New York Post

Bell ringer

Le’Veon: Tumultuous Jets tenure ‘helped’ as focus turns to boxing

- By JARED SCHWARTZ jschwartz@nypost.com

Le’Veon Bell knows his experience with the Jets ultimately helped him.

He didn’t particular­ly enjoy going through it, however.

Bell signed a four-year, $52 million contract with the Jets in 2019 after five standout seasons as a star NFL running back with the Steelers ended in a contract dispute. He surpassed 1,200 total yards from scrimmage and had at least eight total touchdowns in four of those five seasons, and was named First-Team All-Pro twice.

With the Jets, on the other hand, he struggled on a 7-9 squad under head coach Adam Gase. He recorded 1,250 yards from scrimmage, but had just 789 rushing yards on 3.2 yards per carry, and failed to surpass 100 rushing yards in any of the 15 games he played. He recorded four total touchdowns.

Just five weeks into Bell’s second season with the team, new general manager Joe Douglas cut him after he was unable to find a trade partner.

Gase, who was fired after the 2020 season, reportedly opposed signing Bell from the outset, and ex-general manager Mike Maccagnan ended up being fired just two months after the running back was signed.

The rocky relationsh­ip between Gase and Bell played out publicly, and came to a boiling point prior to his release. During training camp that year, after Gase told reporters he held Bell out of an intrasquad scrimmage due to a tight hamstring, the running back posted on Twitter that he had no such injury. That prompted a sitdown between the two. After a 30-10 loss to the Cardinals on Oct. 11, 2020, Gase denounced Bell’s decision to like various tweets suggesting he was being misused in the offense.

Now two years removed, Bell said he sees his Jets tenure as necessary to his identity.

“It is what it is,” Bell told The Post as he prepared to make his profession­al boxing debut Saturday night (9 p.m., Showtime PPV) in a four-round cruiserwei­ght bout with former MMA fighter Uriah Hall in Glendale, Ariz. “Obviously I think it helped form [me] to where I am today. So I don’t regret not a day that went by that I was with New York. At the time, during the time when I was there, obviously I was upset with the way things were going, the coaches, things like that, that’s why my time there wasn’t that long, I wasn’t very happy there. But, I think that all kind of helped me transpire to where I am today.”

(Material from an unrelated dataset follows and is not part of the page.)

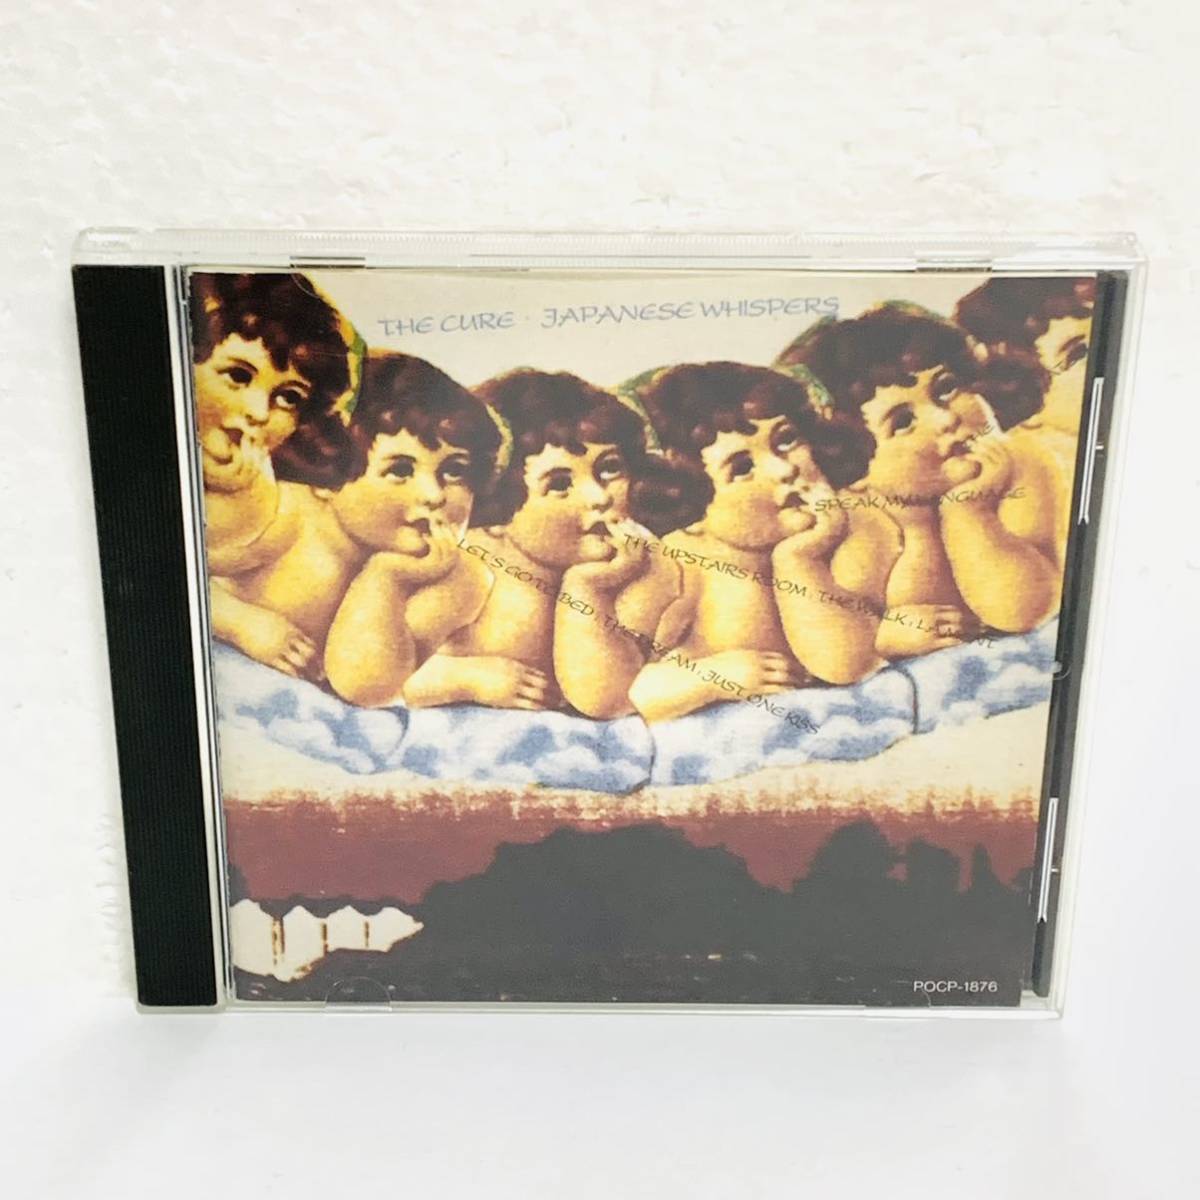 THE CURE　ザ・キュアー　JAPANESE WHISPERS　日本人の囁き　洋楽　CD　60202ss_画像1

He shares a similar sentiment toward his time with the Steelers, which also ended in controvers­y. Unable to agree to a longterm deal, and refusing to play on the franchise tag, Bell infamously held out and missed the entire 2018 season. When he signed with the Jets a year later, he notably received less money than he had demanded from, and had been offered by, the Steelers. Given another chance, he wouldn’t change a thing. “I’m at peace with it,” Bell said. “I’m good. I just feel like I’ve moved on. I understand all those things that happened in my football career, and leading up to this moment, it’s all been helpful and I needed it all. I needed to embrace it all to help me be who I am today.”

After the Jets released him, Bell finished the 2020 season with the Chiefs before playing briefly with both the Ravens and Buccaneers last year. He has not attempted to play since.

Although he embraces his Jets tenure, his former team’s fast start this year has gone unnoticed as Bell “has not watched a second of football.” Entirely caught up with his new career inside the ring, Bell has left his previous career — and so much of what dominated his life — behind, instead carrying football’s lessons to his new endeavor.

“All the way [committed to boxing], 100 percent,” Bell said. “There’s really no turning back. I’ve been getting offers and calls about trying to join a team and there’s been offers on the table, and I obviously haven’t been entertaini­ng anything because of where I am now and how I feel. I don’t want to take that chance of even veering off my focus of boxing. So I haven’t even entertaine­d trying to join the NFL or anything like that. I’ve just been solely focused on boxing, and I haven’t even been paying attention to football at all.”